*Maria Padilha

    Ella es Exú y también es una de sus mujeres, espejo y amante: Maria Padilha, la más puta de las diablas con las que Exú gusta revolcarse en las hogueras.

    No es difícil reconocerla cuando entra en algún cuerpo. Maria Padilha chilla, aúlla, insulta y ríe de muy mala manera, y al fin del trance exige bebidas caras y cigarrillos importados. Hay que darle trato de gran señora y rogarle mucho para que ella se digne ejercer su reconocida influencia ante los dioses y los diablos que más mandan.

    Maria Padilha no entra en cualquier cuerpo. Ella elige, para manifestarse en este mundo, a las mujeres que en los suburbios de Río se ganan la vida entregándose por monedas. Así, las despreciadas se vuelven dignas de devoción: la carne de alquiler sube al centro del altar. Brilla más que todos los soles la basura de la noche.

*Isis

    Como Osiris, Isis aprendió en Egipto los misterios del nacimiento incesante.

Conocemos su imagen: esta diosa madre dando de mamar a su hijo Horus, como mucho después la Virgen María amamantó a Jesús. Pero Isis nunca fue muy virgen, que digamos. Hizo el amor con Osiris, desde que se estaban formando, juntos, en el vientre de la madre, y ya crecida ejerció durante diez años, en la ciudad de Tiro, el oficio más antiguo. En los miles de años siguientes, Isis anduvo mucho mundo, dedicada a resucitar a las putas, a los esclavos y demás malditos.

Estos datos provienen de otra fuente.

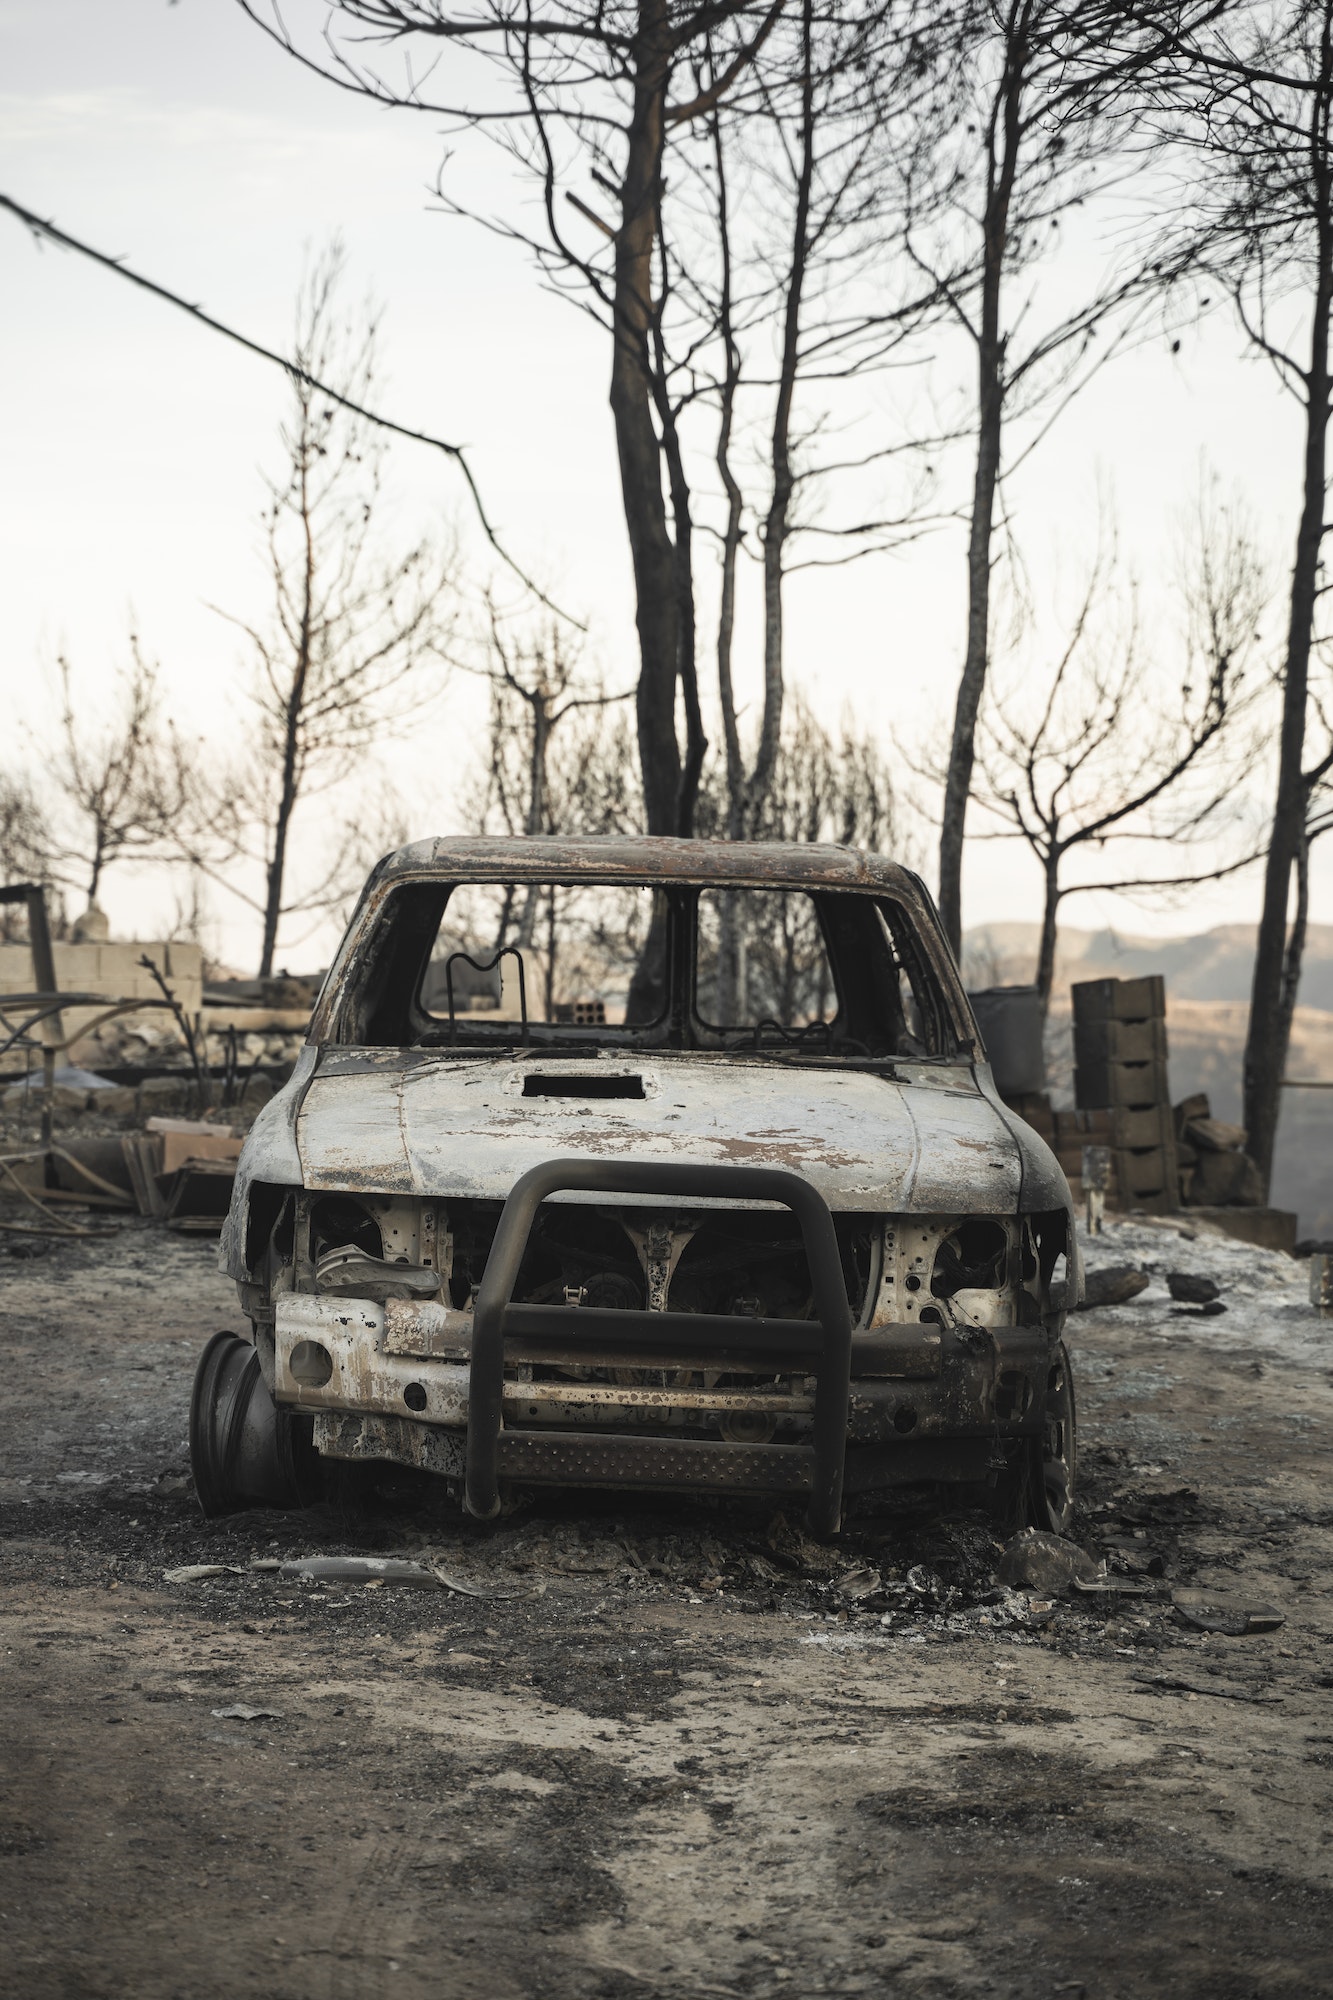 Burnt car aftermath forest fire consequence of climate change - Wildfire Crisis and Global Collapse

    En Roma fundó templos en medio del pobrerío, a la orilla de los burdeles. Los templos fueron arrasados, por orden imperial, y fueron crucificados sus sacerdotes; pero esas mulas tozudas volvieron a la vida una y otra vez.

    Y cuando los soldados del emperador Justiniano trituraron el santuario de Isis en la isla Filae, en el Nilo, y sobre las ruinas alzaron la católica iglesia de San Esteban, los peregrinos de Isis siguieron acudiendo a rendir homenaje a su diosa pecadora, ante el altar cristiano.